Pizza. Everyone loves pizza.
Contributed by Laila El Gohary.
Laila took R003 class with Vivian Zhang(Data Science by R, Intensive beginner level) in Mar-Apr, 2014 and did great in class.The post was based on her final project submission.
---------------------------------------
Videos:
---------------------------------------
While preparing my final project for the R intensive beginner class, there were a lot of things (big and small) that I learnt along the way.
1. It's usually the small things that trip you up and have you searching the internet for hours for the answer. Don't do it! (Unless, of course it's absolutely necessary to move your project along.)
2. Finding a reliable geocode API or software that:
(a) takes more than couple of thousand hits a day
(b) doesn't cost a fortune or
(c) moves faster than a snail's pace....is a very hard thing to do. Thankfully I found one that I will go through later in this post!
3.Creating an aesthetically pleasing map takes some trial and error, and a few hours. Make sure you've given yourself enough time to accomplish your goal.
With that, let's begin!
Acquire:
Finding an appropriate dataset is usually the most time consuming part of the process. Luckily I was able to find just what I was looking for at the NYC Open Data site. I decided to look at restaurant sanitation grades across the 4 boroughs.
Clean:
As I noted earlier, it's always the smallest thing that slow you down. In my case it was removing rows that had zero in the borough column, which indicated that the restaurants in question weren't in any of the 4 boroughs.
Here's how I did it.
df$BORO[df$BORO==0]<-NA df <- na.omit(df)
Another slightly more elegant way to do this is:
df <- df [df [,3]!='0',]
#Looking at column 3, keep any rows that are not equal to zero.
Geocode:
Finding an appropriate geocode software for free can be difficult. I tried a couple of options, but the one that worked best for me was the datatoolkit API.
Make sure before you begin that all elements of the address are in one string, and that there are no characters in there that shouldn’t be. Those were a few hours of my life I wish I could get back!

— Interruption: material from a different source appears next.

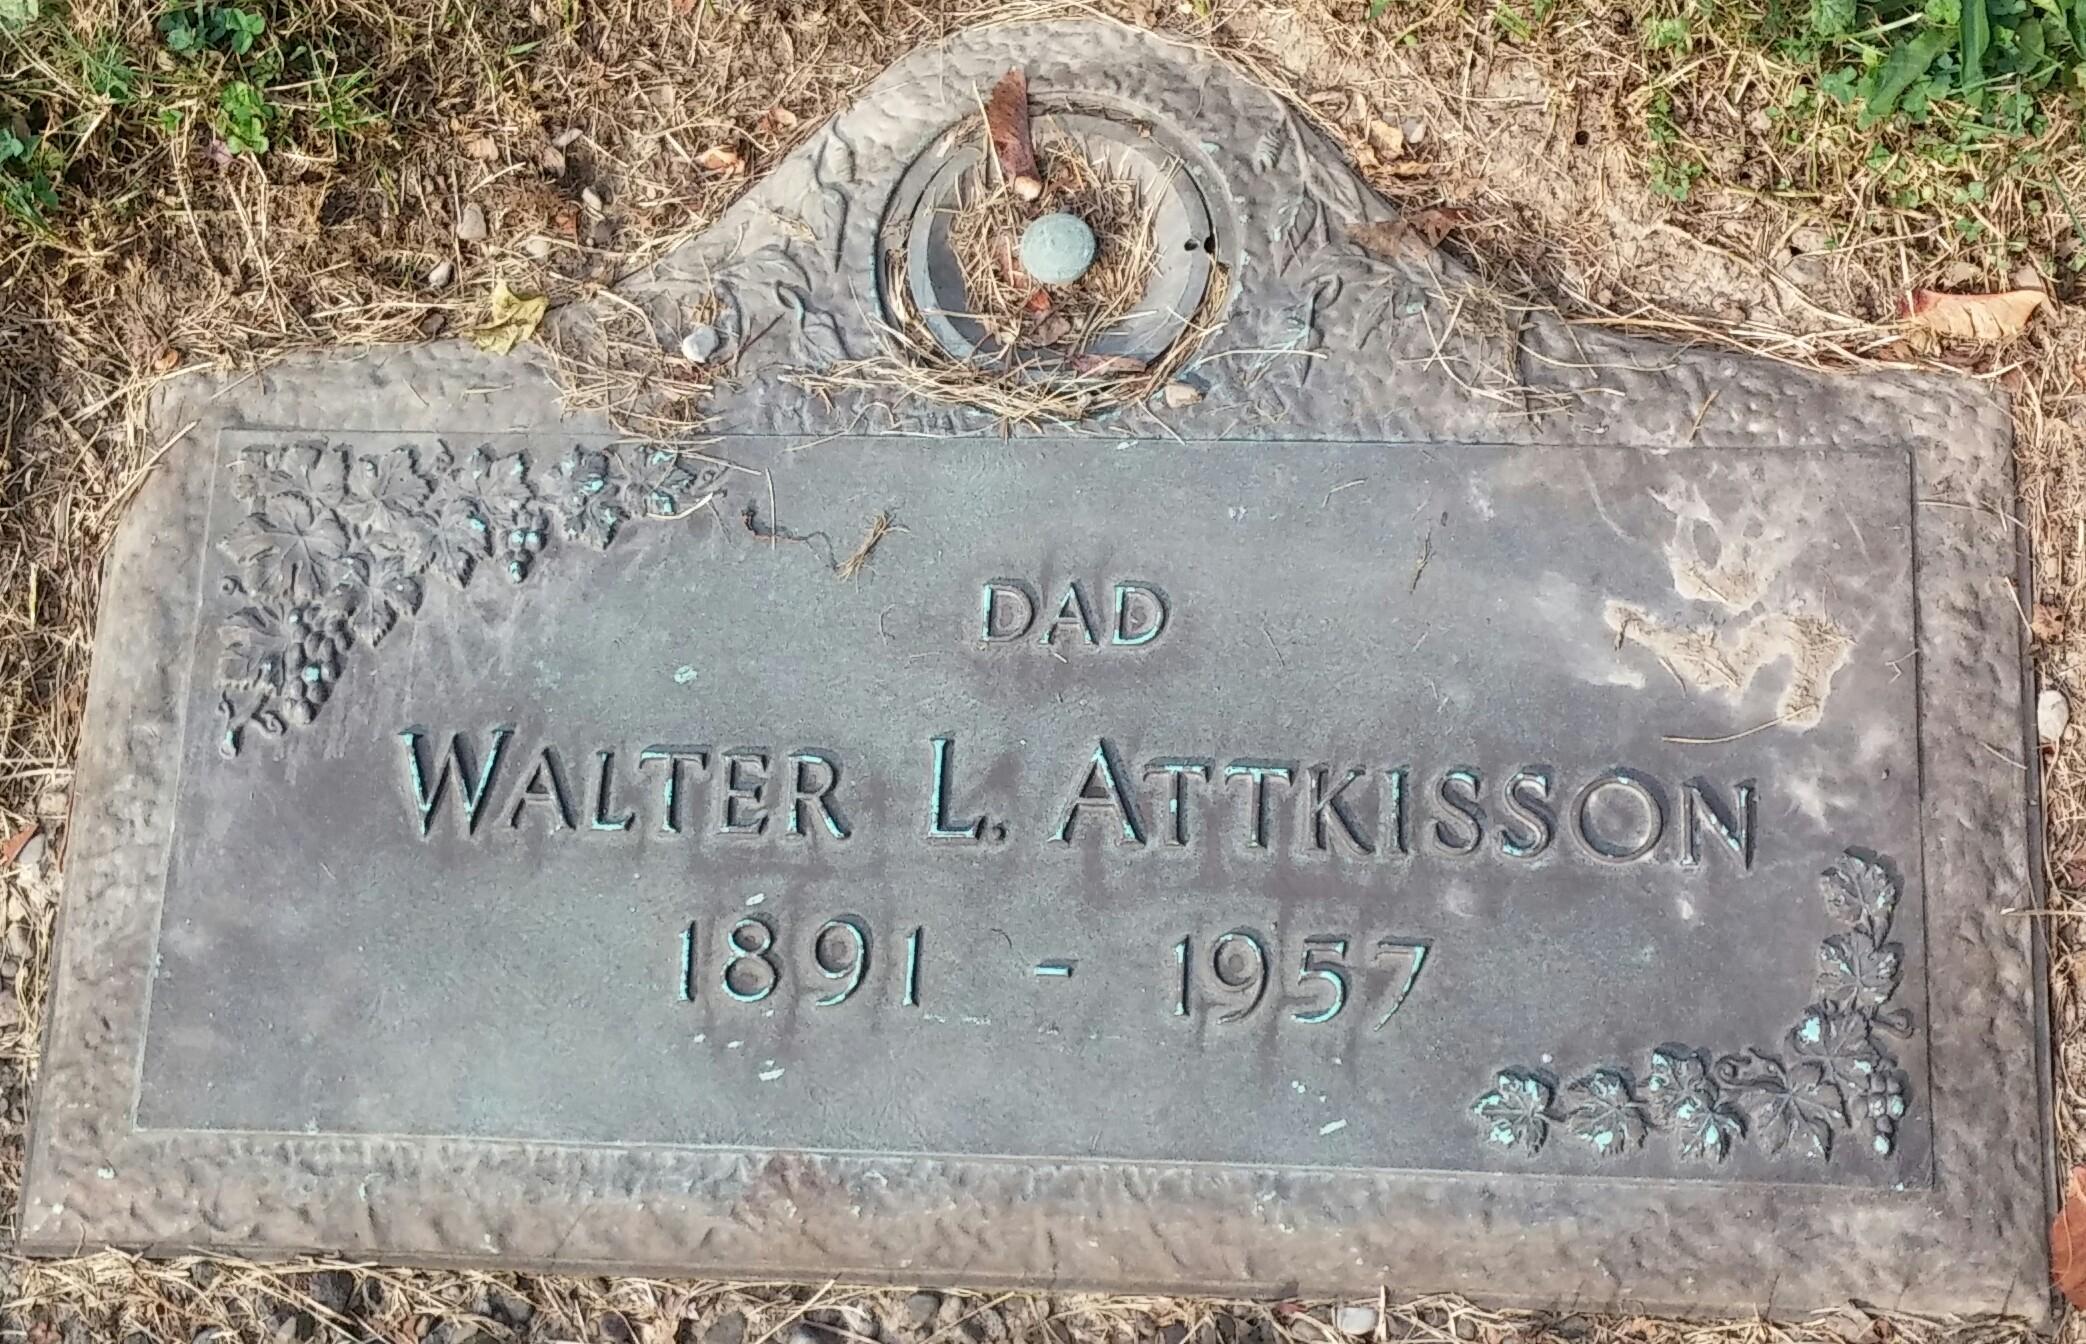 Walter L. Attkisson

#GEOCODING FUNCTIONgeo.dsk <- function(addr){ require(httr) require(rjson) url <- "http://www.datasciencetoolkit.org/maps/api/geocode/json" response <- GET(url,query=list(sensor="FALSE",address=addr)) json <- fromJSON(content(response,type="text")) loc <- json['results'][[1]][[1]]$geometry$location return(c(address=addr,long=loc$lng, lat= loc$lat)) }
Once you have the function, you need to call it, and pass through the necessary addresses.
#Calling the functionresult <- do.call(rbind,lapply(as.character(df$address), geo.dsk)) result <- data.frame(result)
Once you’ve managed to geocode everything and join it back to your data frame, you’re now ready for the fun part… mapping!
Mapping:
For my project I used ggmap because I was really interested in using stamen maps.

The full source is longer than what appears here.